# EXERCISE PROMPT
Reproduce everything from the line that contains "Wedding detail vows" down to the line that contains "Programledaren Anders Eldeman" in the listing below, word for word and nothing more. Leave the pictures out.

# EXTRACTED INFORMATION
§

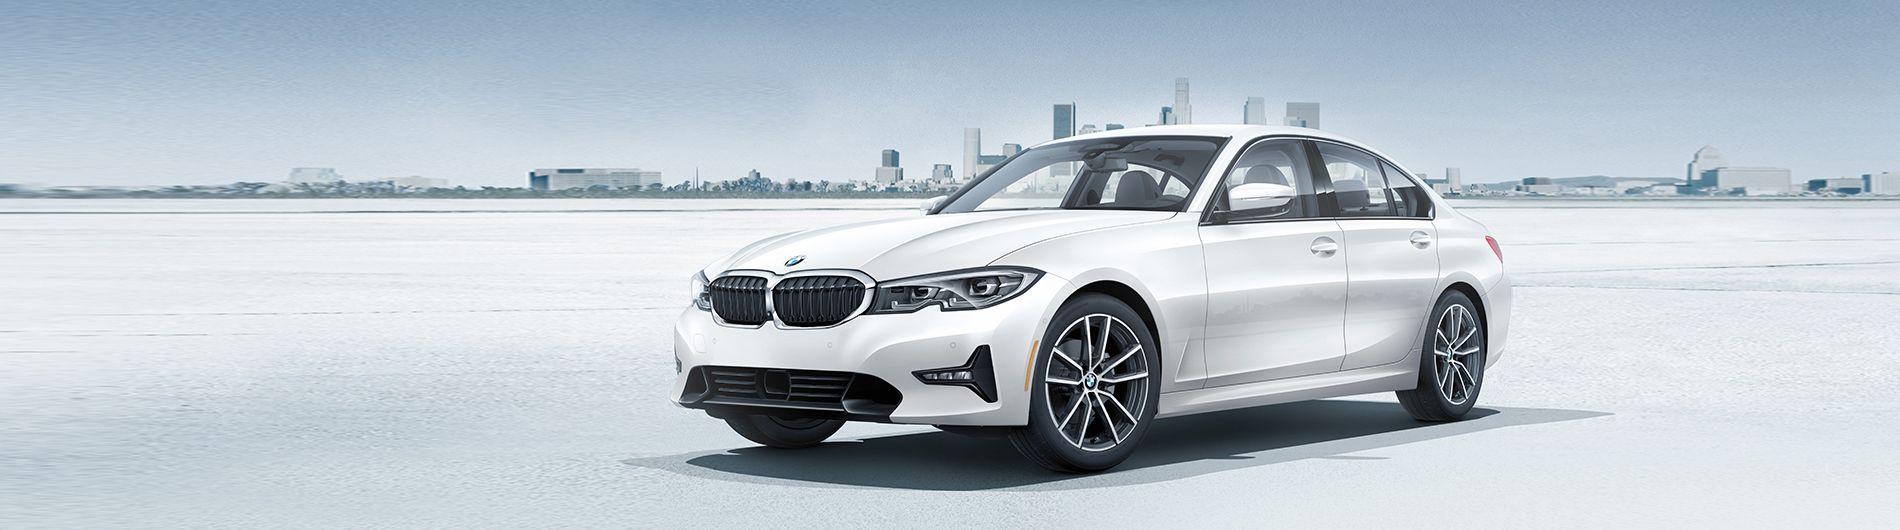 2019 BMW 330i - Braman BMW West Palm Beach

§

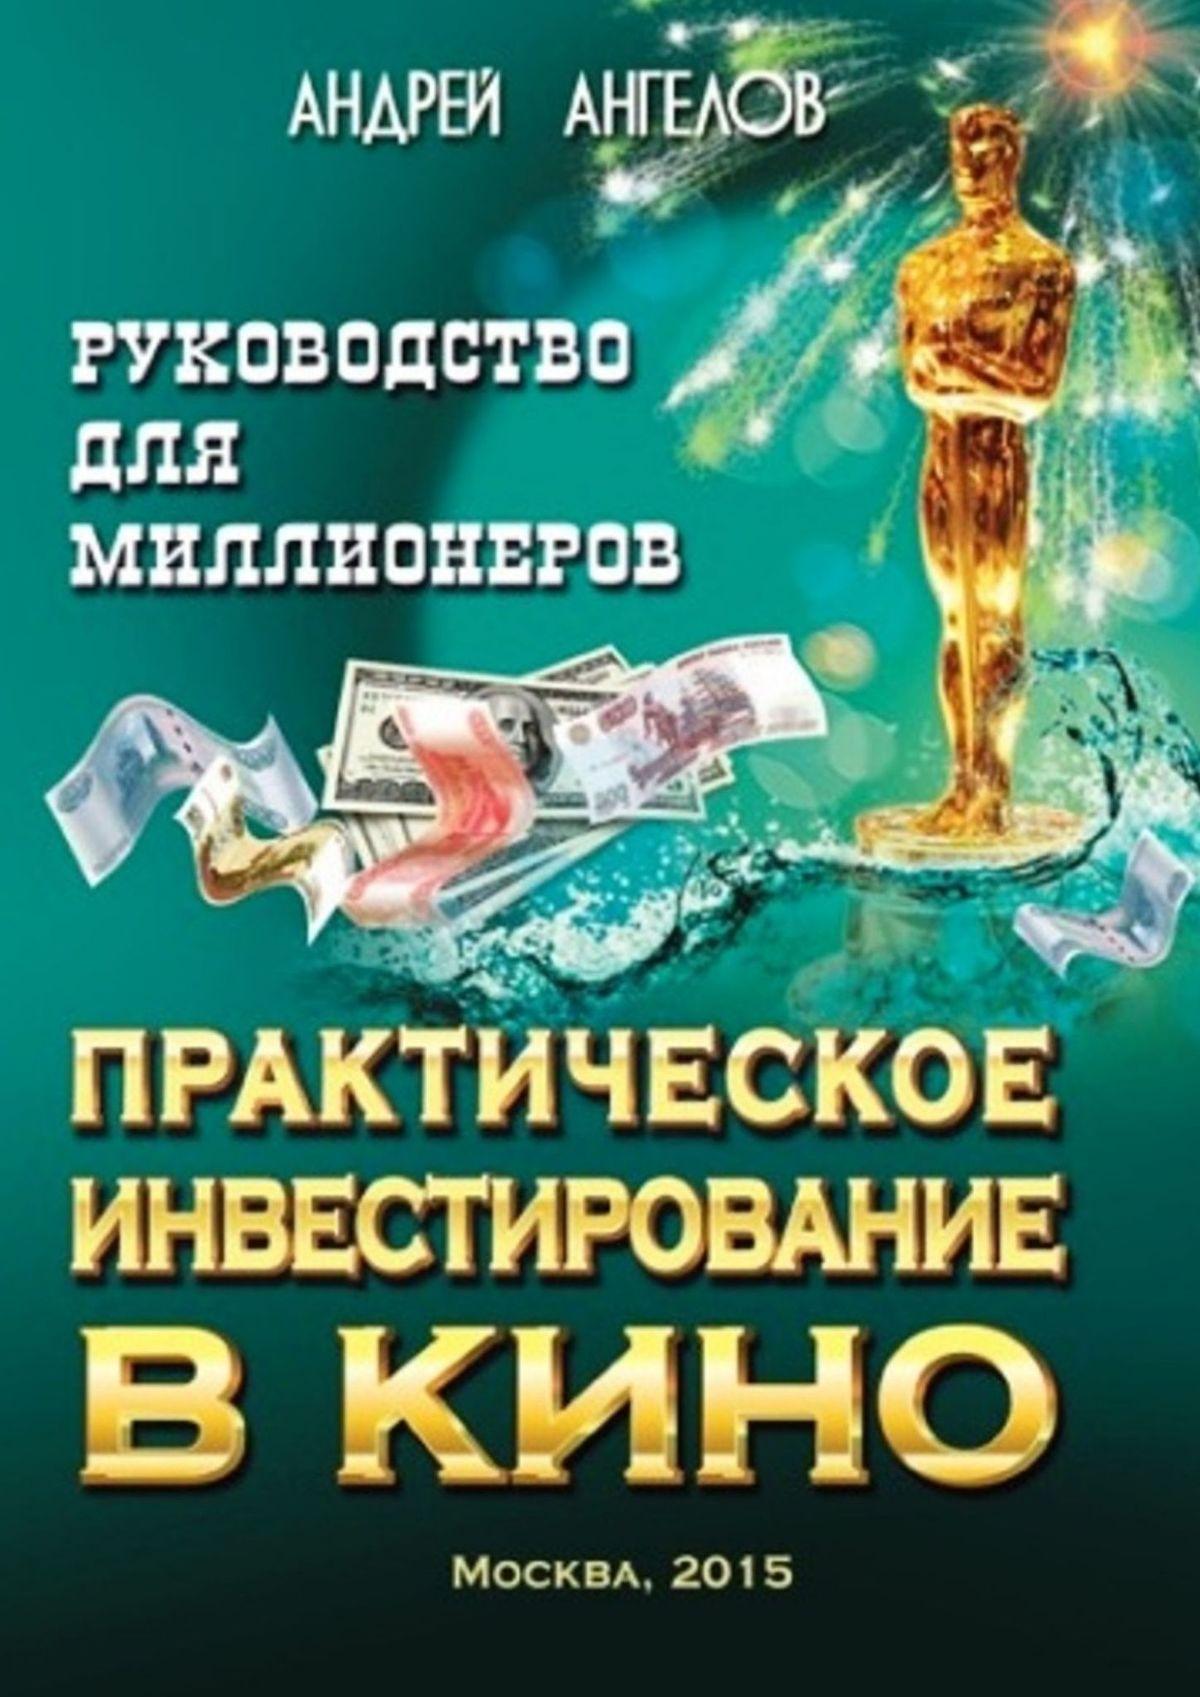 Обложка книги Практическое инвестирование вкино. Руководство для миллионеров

§

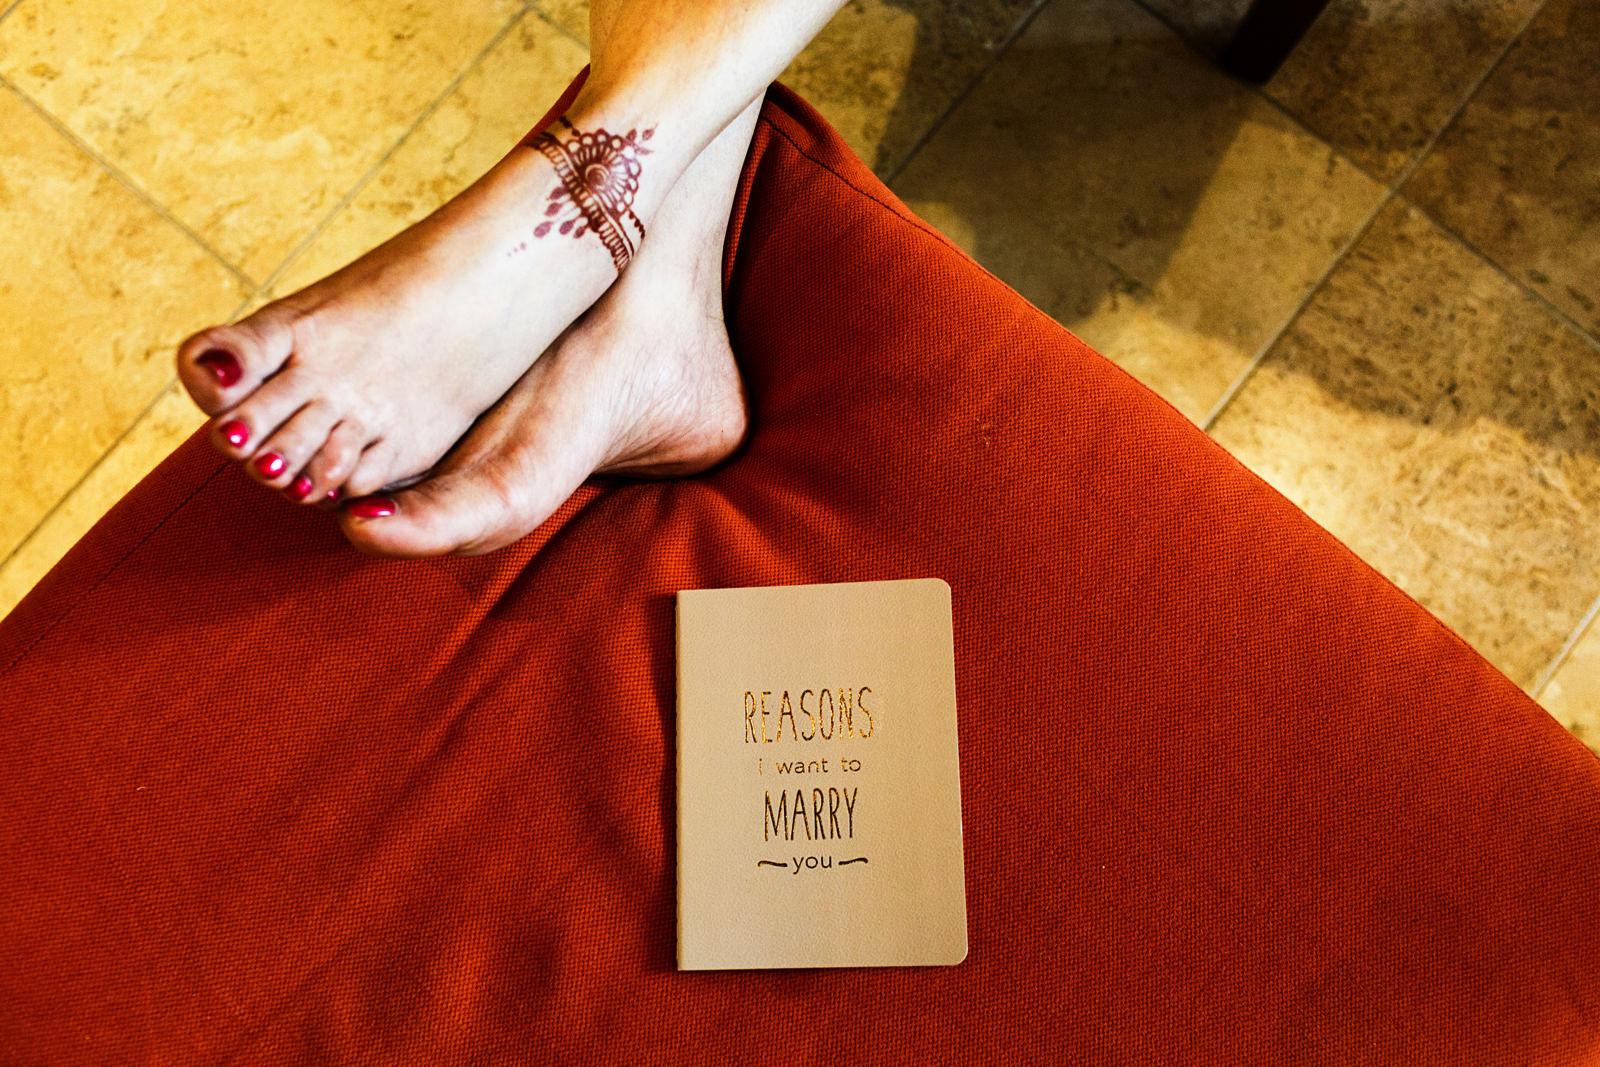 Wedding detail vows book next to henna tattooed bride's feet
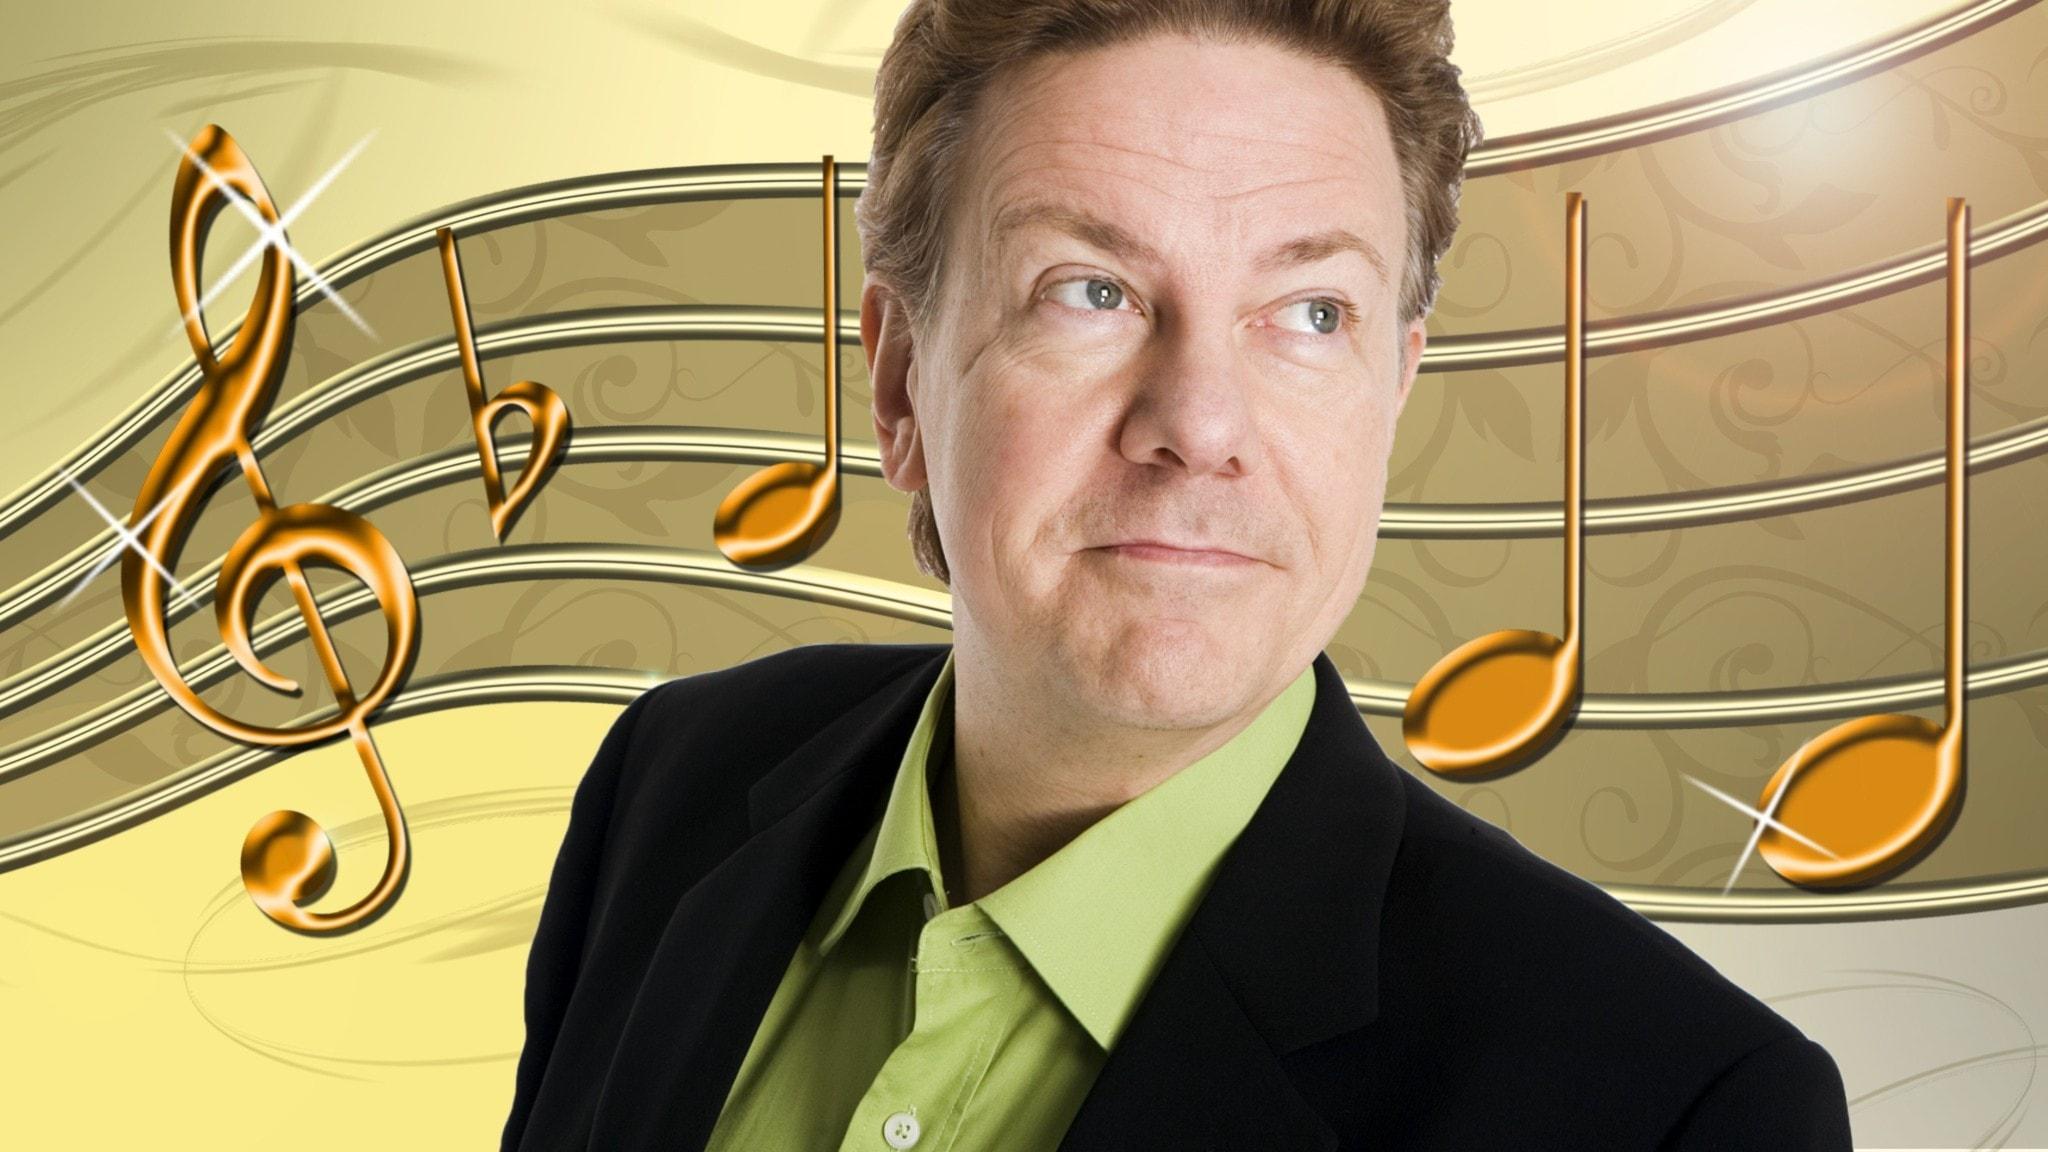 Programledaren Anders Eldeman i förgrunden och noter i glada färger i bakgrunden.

§

# EXPECTED ANSWER
 Wedding detail vows book next to henna tattooed bride's feet
 Programledaren Anders Eldeman i förgrunden och noter i glada färger i bakgrunden.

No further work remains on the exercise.